Table of Journal entries
place countdown journal
Bedroom 1 “My bedroom! ‘Bedroom’ is an anagram of ‘boredom.’”
Bedroom 2 “Some days I couldn’t bring myself to leave the bedroom, even though there wasn’t anything to do there.”
Hallway 2 “Some days I stood in the hallway, lost in thought or something.”
Kitchen 1 “The kitchen! Home of some of my most delicious memories.”

Every turn:
if the location is a place listed in the Table of Journal Entries:
decrement the countdown entry;
if the countdown entry is 0:
say the journal entry;
say line break;
blank out the whole row.[/code]

(This doesn’t let you do a thing for going to the bedroom for the first time, but I couldn’t get that to work anyway in my previous approach!)

Or Hanon’s suggestions are good too, I just love me some tables.

Also, I would definitely advise editing down the journals a lot.

(Also also, this seemed like it was a question specifically about Inform 7 so I moved it to the Inform 7 subforum.)

Another thing you could use in combination of all the above:

You can give rooms or any specific thing a text (or many of them) in addition to its normal description.

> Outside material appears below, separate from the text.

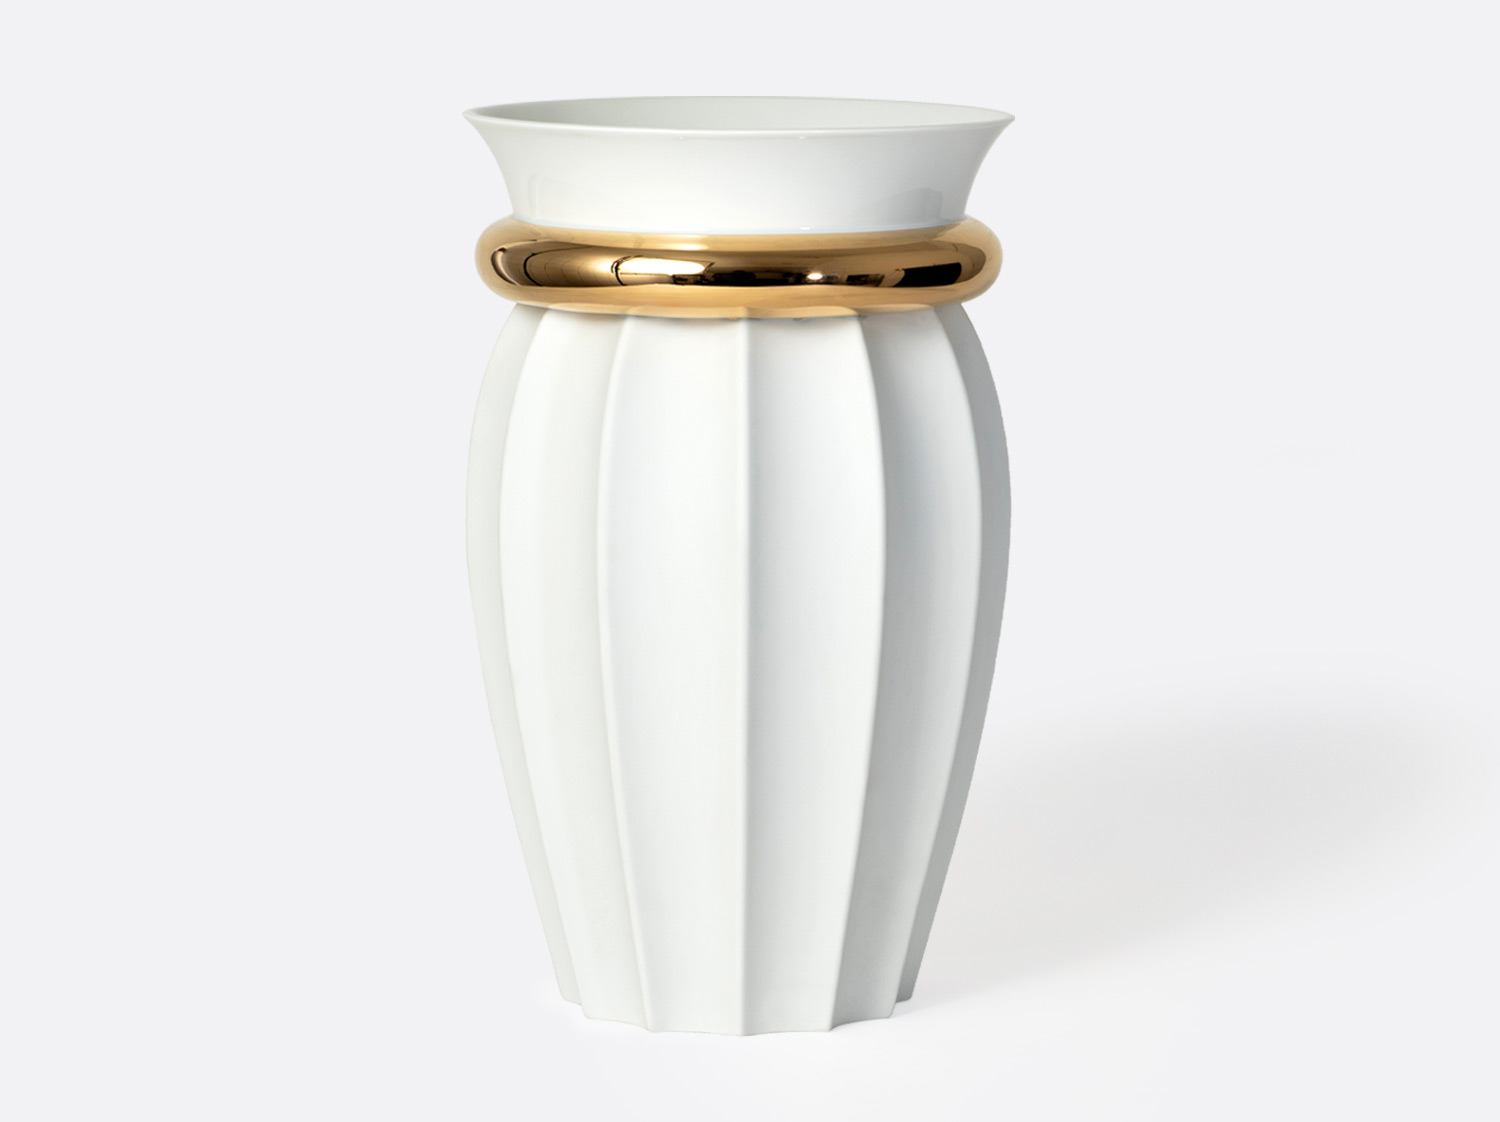 ベース H. 35 cm en porcelaine de la collection Ikaria Bernardaud

[rant=example][code]A thing has a text called j-entry. The j-entry of a thing is usually “”.
A room has a text called j-entry. The j-entry of a room is usually “”.

Cabin is a room. “You remember the old cabin.” The j-entry of Cabin is “Ah, the smell of the old cabin. The ancient wood, the aroma of fires long burnt, and the fresh woodsy air.”

A deer head is in cabin. It is fixed in place. The j-entry is “Ah, the deer head. You didn’t kill it, of course, but it’s been with the cabin long before you came in possession of it.”

A fidget spinner is in cabin. The j-entry is “Ah, my trusty fidget spinner. This has nothing to do with the cabin, but I picked it up in the gas station on the way here.”

Carry out waiting:
if the j-entry of the location is not “”:
say “You write in your journal: [italic type][j-entry of the location][roman type][line break]”;
now the j-entry of the location is “”. [/code]
(The italics do show in Inform, but don’t transfer to the forum with copy/paste)

[/rant]

Now, if you want to get fancy, what you can do is give the player a “journal” object, and whenever the player sees a journal text, you can poke that text into a table entry and have it so that the journal displays all the non-empty lines in that table and it will “read back” in the order the player encountered the journal entries and wrote them. I’m not the table guy, but Matt can probably explain. It involves something like “find the first non blank row in table X; now the row is j-entry of the noun.” Something like that, but hopefully an expert (MATT??) will rescue me on this.